# Kipor Generator Service



## CJ999 (Aug 11, 2005)

I bought my Kipor KGE3500ti in 2005 and I have got good use out of it over the years. But it is starting to have several things that need to be repaired or PM'd.

I went on the website for "Kipor North America" and found a list of recommended service providers near my home. When I called them, they told me that Kipor is horrible about providing parts, and for a gen set as old as mine, Kipor will likely refuse to provide parts..... they said it had something to do with buying it BEFORE Kipor had set up distributorships in the US and now Kipor requires them to provide the serial number from the generator before they will send parts.... really weird.... and this was straight from the mouth of the guy on Kipor's own website.

Anyway, I need to service the following areas:

1. The electric start seems to only work intermittently. I think it has a loose wire, and yes, I checked the battery. 
2. I want to replace the worn pull cord. 
3. The carburator leaks fuel badly when you turn the fuel valve full open. I have to regulate it by only turning the valve to slightly-on. Full on, the engine floods itself to death and drips gas out of the carburator.

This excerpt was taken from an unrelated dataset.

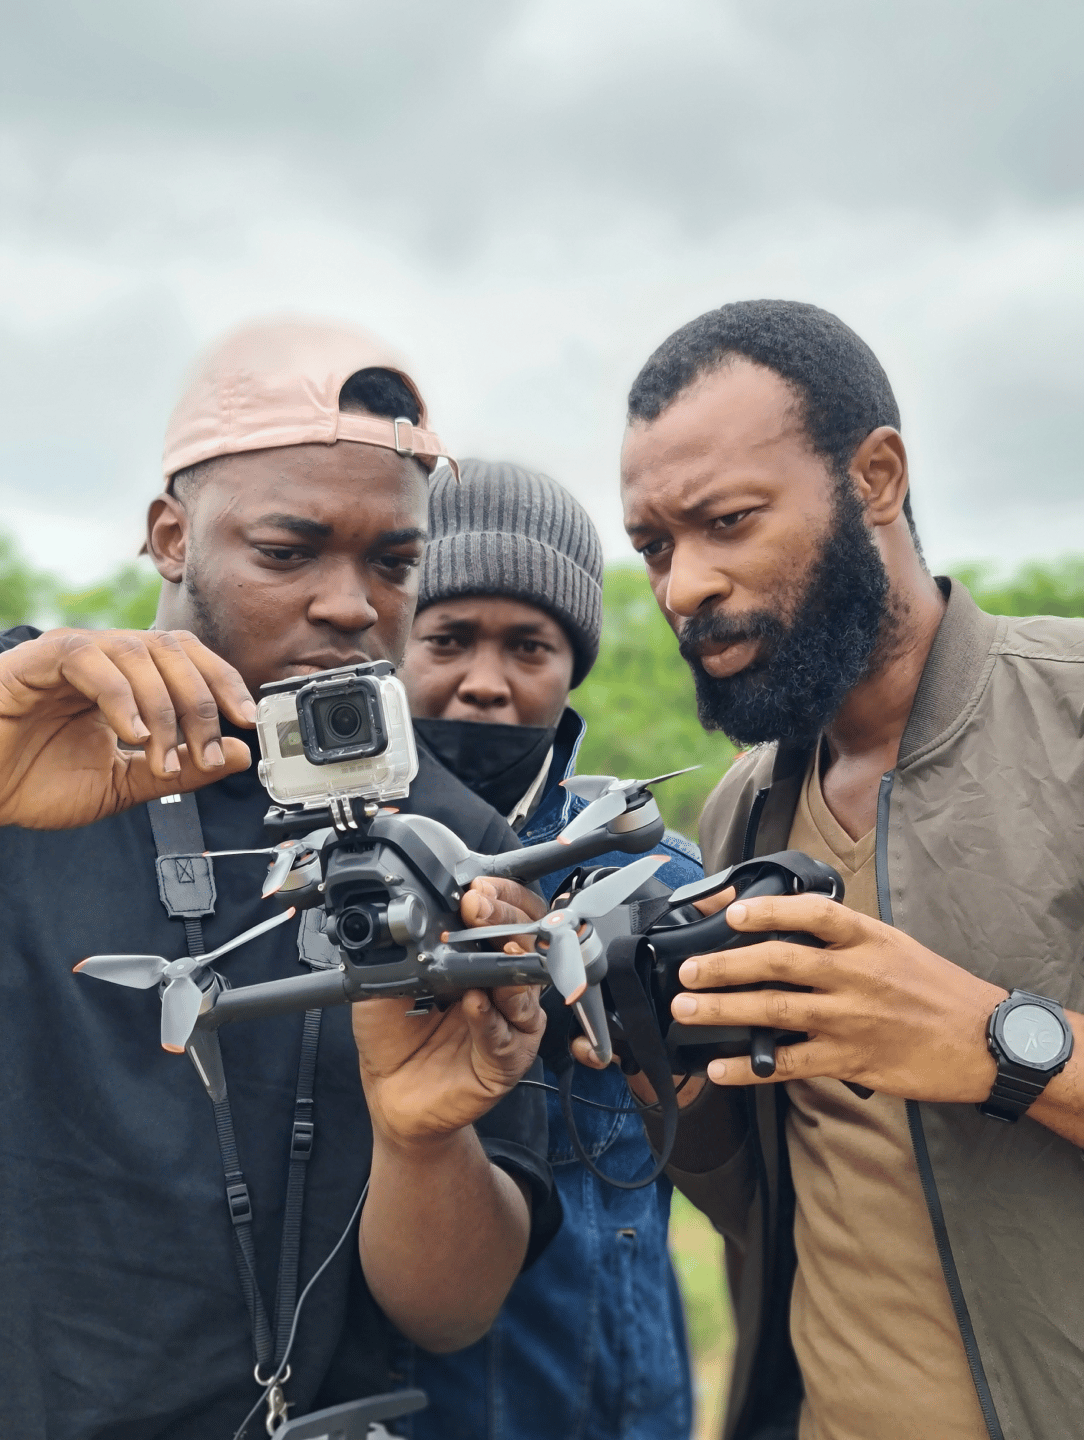 Group of three men holding a drone with a small, portable camera on it.

So I am wondering if anyone has any recommendations, and if anyone knows which Honda it might be closest too. I have had good luck just walking into a Honda service shop with the air filter in my hand, saying, "I need one of these". I'm thinking that might work with the other parts but I wanna have an idea before I tear my generator apart.

If it becomes a paper-weight, I got my money's worth, so don't slam me for buying it. I didn't have the $ for a Honda when I bought it, and it got my wife camping.... which is a wonderful thing. The prospect of having to upgrade is kind of fun to think about but I believe in making things work as long as I can.


----------



## N7OQ (Jun 10, 2006)

Sorry can't help you with a repair shop but I would think a small engine repair shop could handle it. I have taken my Kipor apart because I let gas sit in it to long and it gummed up. So I took it apart at the camp site and found it very simple to work on. It sounds like you have a problem in the float bowel maybe even a loose bolt at the bottom of the fload bowel things do come loose with all the vibrations. I would take the cover off and look for loose nuts and bolts, wire terminal etc. If you could find a service manual that would help too. Good luck


----------



## CamperAndy (Aug 26, 2004)

All three of your problems are basic to small engines and can be handled by any of your local small engine repair shops. As N7OQ (Bill) said they are easy to work on and if you pm with your e-mail I will send you the service manual so you can give it a shot if you want.


----------



## CJ999 (Aug 11, 2005)

PM with email sent. If there's pictures, I'll be in business. But man it would be nice to have one of those spiffy generators where you can just lay in bed and start/stop it with a remote!


----------